Say how many lines in the data below contain the word "with", and give no other text.

-- DATASET EXTRACT follows --

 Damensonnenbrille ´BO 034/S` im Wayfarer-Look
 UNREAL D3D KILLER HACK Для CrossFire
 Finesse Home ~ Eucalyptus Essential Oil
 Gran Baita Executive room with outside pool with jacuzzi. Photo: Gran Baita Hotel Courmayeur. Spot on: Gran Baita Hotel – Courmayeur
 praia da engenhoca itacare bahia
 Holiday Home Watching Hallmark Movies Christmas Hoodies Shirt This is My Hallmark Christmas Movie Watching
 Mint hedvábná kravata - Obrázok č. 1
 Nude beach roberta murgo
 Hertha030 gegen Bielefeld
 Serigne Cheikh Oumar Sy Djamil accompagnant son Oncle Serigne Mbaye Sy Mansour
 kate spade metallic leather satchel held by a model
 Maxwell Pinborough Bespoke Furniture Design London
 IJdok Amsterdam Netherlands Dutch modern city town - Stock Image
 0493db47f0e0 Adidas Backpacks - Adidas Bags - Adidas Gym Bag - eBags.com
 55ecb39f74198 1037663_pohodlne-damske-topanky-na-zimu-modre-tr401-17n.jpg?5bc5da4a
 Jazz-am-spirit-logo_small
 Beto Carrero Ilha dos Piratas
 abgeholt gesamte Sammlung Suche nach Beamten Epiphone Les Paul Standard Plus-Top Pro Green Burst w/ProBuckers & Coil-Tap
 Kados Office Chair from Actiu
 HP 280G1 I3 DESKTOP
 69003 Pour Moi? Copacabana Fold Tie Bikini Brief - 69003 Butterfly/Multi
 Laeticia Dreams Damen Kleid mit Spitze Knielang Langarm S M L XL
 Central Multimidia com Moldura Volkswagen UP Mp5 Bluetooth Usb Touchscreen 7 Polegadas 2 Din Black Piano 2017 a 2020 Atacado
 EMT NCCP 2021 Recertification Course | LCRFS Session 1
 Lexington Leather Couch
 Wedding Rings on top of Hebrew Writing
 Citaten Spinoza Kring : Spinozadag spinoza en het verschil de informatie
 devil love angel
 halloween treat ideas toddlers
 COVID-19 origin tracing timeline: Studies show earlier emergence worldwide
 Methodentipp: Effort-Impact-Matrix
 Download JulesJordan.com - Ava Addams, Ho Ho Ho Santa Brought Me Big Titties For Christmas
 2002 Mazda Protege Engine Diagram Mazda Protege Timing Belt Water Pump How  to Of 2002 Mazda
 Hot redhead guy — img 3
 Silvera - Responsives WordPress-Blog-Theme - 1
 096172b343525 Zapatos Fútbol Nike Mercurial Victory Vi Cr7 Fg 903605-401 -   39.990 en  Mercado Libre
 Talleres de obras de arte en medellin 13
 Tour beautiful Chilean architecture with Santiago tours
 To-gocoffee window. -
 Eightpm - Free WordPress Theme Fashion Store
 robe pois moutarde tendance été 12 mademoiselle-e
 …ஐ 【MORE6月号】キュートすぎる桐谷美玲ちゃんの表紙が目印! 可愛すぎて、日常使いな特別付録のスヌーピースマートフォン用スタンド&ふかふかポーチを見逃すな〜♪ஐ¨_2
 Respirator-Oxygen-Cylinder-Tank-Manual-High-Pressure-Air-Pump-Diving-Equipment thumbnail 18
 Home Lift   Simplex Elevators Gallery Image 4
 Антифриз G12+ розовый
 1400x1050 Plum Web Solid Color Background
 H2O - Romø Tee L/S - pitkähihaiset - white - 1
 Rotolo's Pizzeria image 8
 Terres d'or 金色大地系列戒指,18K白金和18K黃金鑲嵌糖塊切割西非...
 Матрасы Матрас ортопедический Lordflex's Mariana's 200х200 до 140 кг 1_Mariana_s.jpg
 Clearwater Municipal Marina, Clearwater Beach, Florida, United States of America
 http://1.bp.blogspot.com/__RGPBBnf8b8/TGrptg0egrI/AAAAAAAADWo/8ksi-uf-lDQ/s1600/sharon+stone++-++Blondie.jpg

-- DATASET EXTRACT concluded --

**SOLVED EXERCISE:**
2